Unnamed: 0,Label,SMS
0,ham,"Go until jurong point, crazy.. Available only ..."
1,ham,Ok lar... Joking wif u oni...
2,spam,Free entry in 2 a wkly comp to win FA Cup fina...
3,ham,U dun say so early hor... U c already then say...
4,ham,"Nah I don't think he goes to usf, he lives aro..."


# Randomize dataset

In [69]:
# randomly mix the entire dataset, use random_state to ensure reproducibility of results
sms = sms.sample(frac=1, random_state=1) 
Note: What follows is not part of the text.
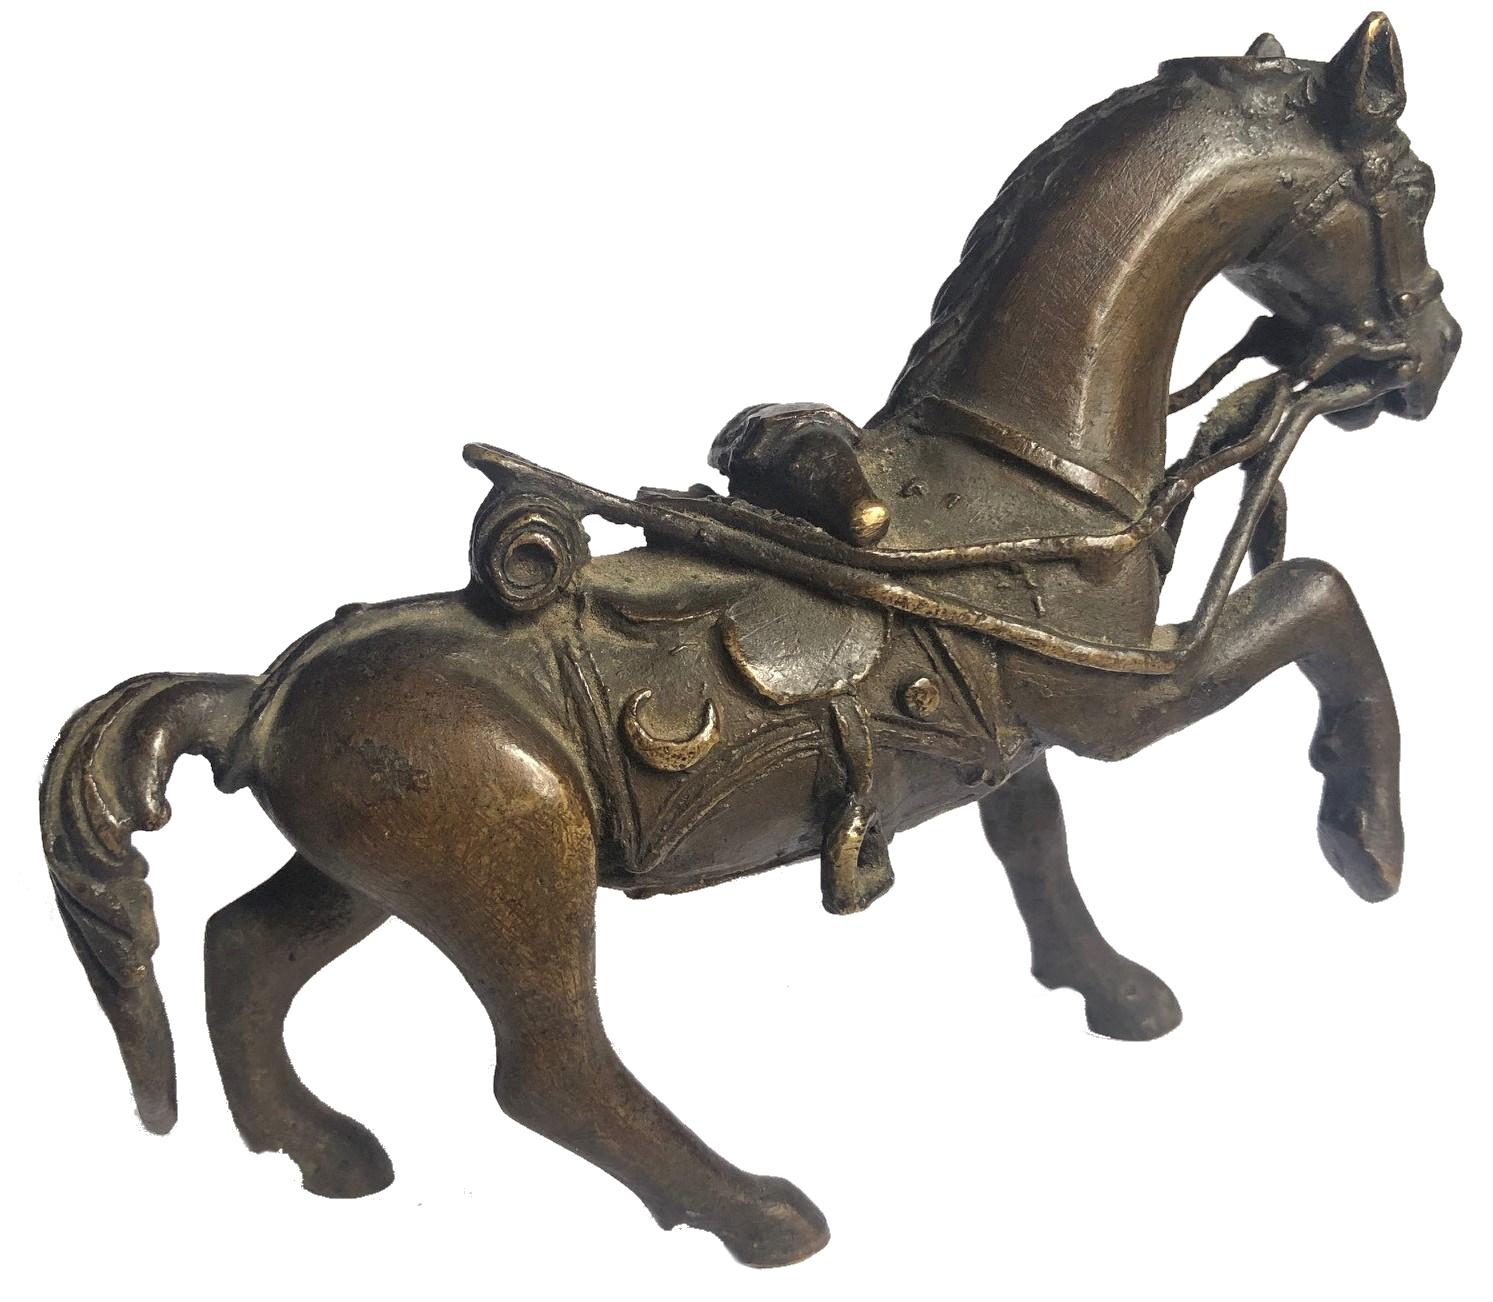 Diese kleine antike tibetische Reiterfigur zeichnet sich nicht nur durch die bemerkenswert detaillierte Skulptur eines Pferdes in einem kompletten Geschirr aus, sondern auch durch die hohe Qualität des Bronzegusses und seine originale dunkelbraune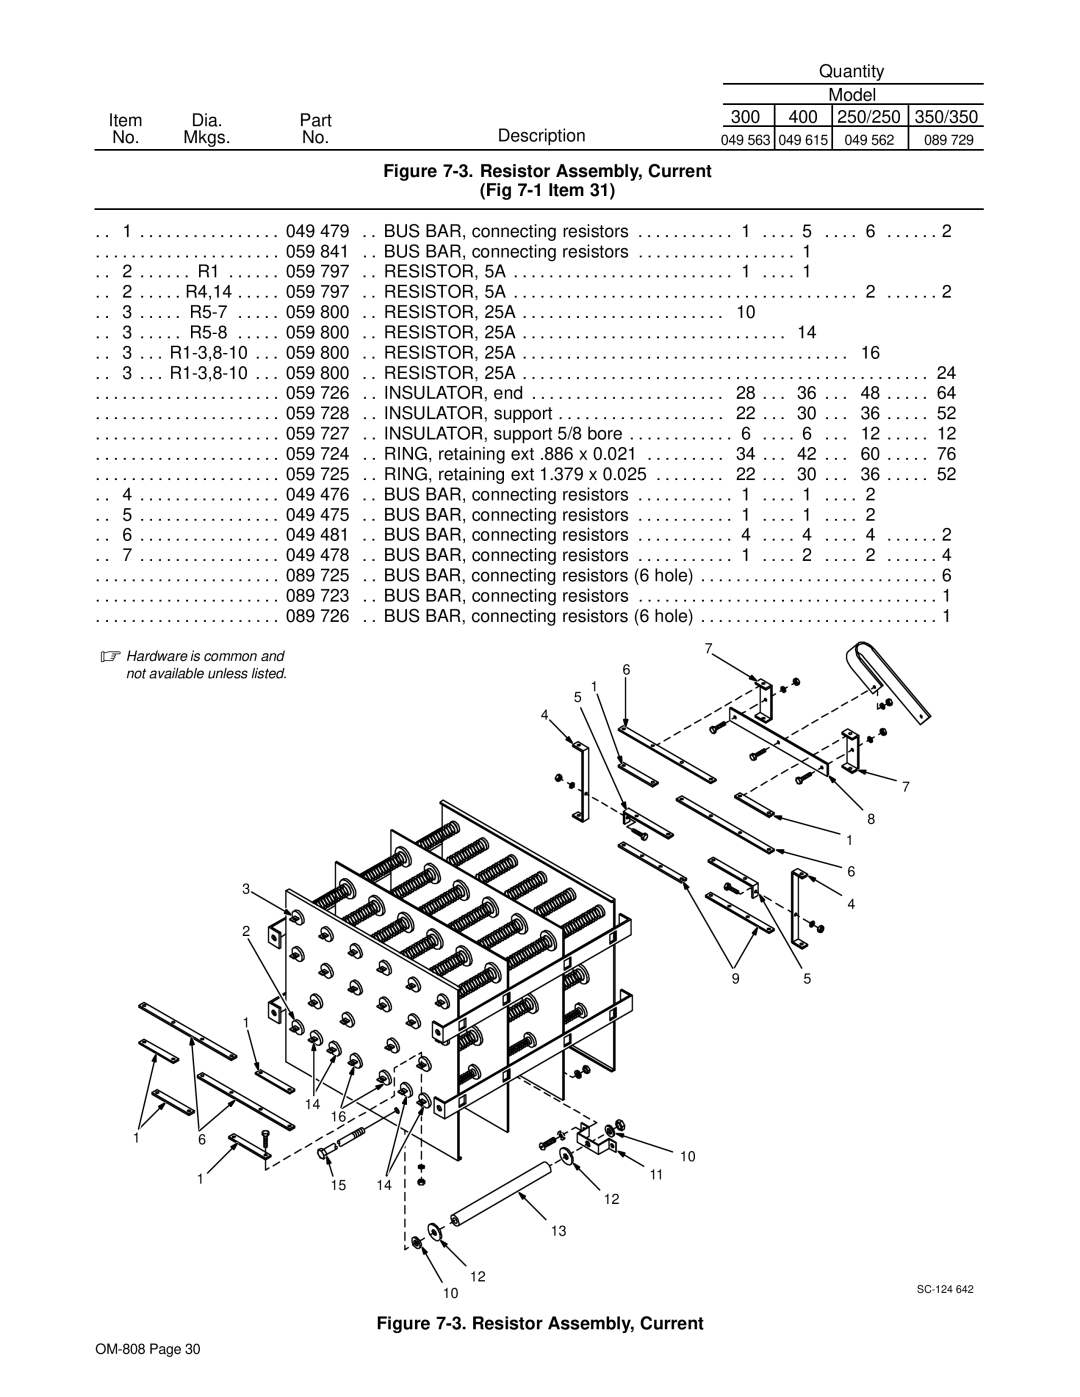 Miller Electric MOG-400, MOG-300, MOG-350, MOG-250, MOG-Pak, RGC manual Resistor Assembly, Current

# Divide dataset on train and test dataset

In [95]:
sms_train = sms.iloc[:round(sms.shape[0]*0.8)].copy() # set first 80% of dataset to train set
sms_test = sms.iloc[round(sms.shape[0]*0.8):].copy() # set first 20% of dataset to test set

# Count the percent of spam in train, test and full datasets

In [96]:
# count and show the percent of spam in train dataset
sms_train_spam = sms_train[sms_train['Label'] == 'spam'].copy()
sms_train_percent = sms_train_spam.shape[0]/sms_train.shape[0]
print(sms_train_percent)
# count and show the percent of spam in test dataset
sms_test_spam = sms_test[sms_test['Label'] == 'spam'].copy()
sms_test_percent = sms_test_spam.shape[0]/sms_test.shape[0]
print(sms_test_percent)
# count and show the percent of spam in test dataset
sms_spam = sms[sms['Label'] == 'spam'].copy()
sms_percent = sms_spam.shape[0]/sms.shape[0]
print(sms_percent)

0.13458950201884254
0.1319569120287253
0.13406317300789664


As we can see, spam percents in train, test and full datasets are almost the same.

# Clean the dataset

In [129]:
# remove all non letter and digit symbols from full, train and test datasets
sms_clean = sms.copy()
sms_clean['SMS'] = sms_clean.loc[:, 'SMS'].str.replace('\W', ' ').str.lower()
sms_train_clean = sms_train.copy()
sms_train_clean['SMS'] = sms_train_clean.loc[:, 'SMS'].str.replace('\W', ' ').str.lower()
sms_test_clean = sms_test.copy()
sms_test_clean['SMS'] = sms_test.loc[:, 'SMS'].str.replace('\W', ' ').str.lower()

# Make a vocabulary

In [135]:
# initialize vocabulary
vocabulary = list()

# split all messages in full dataset on list values
sms_col_list = sms_clean['SMS'].str.split('\s+')

# add all words from dataset to vocabulary list
for row in sms_col_list:
    for word in row:
        vocabulary.append(word)
        

vocabulary = list(set(vocabulary))
vocabulary.remove('')

In [137]:
len(vocabulary)

8753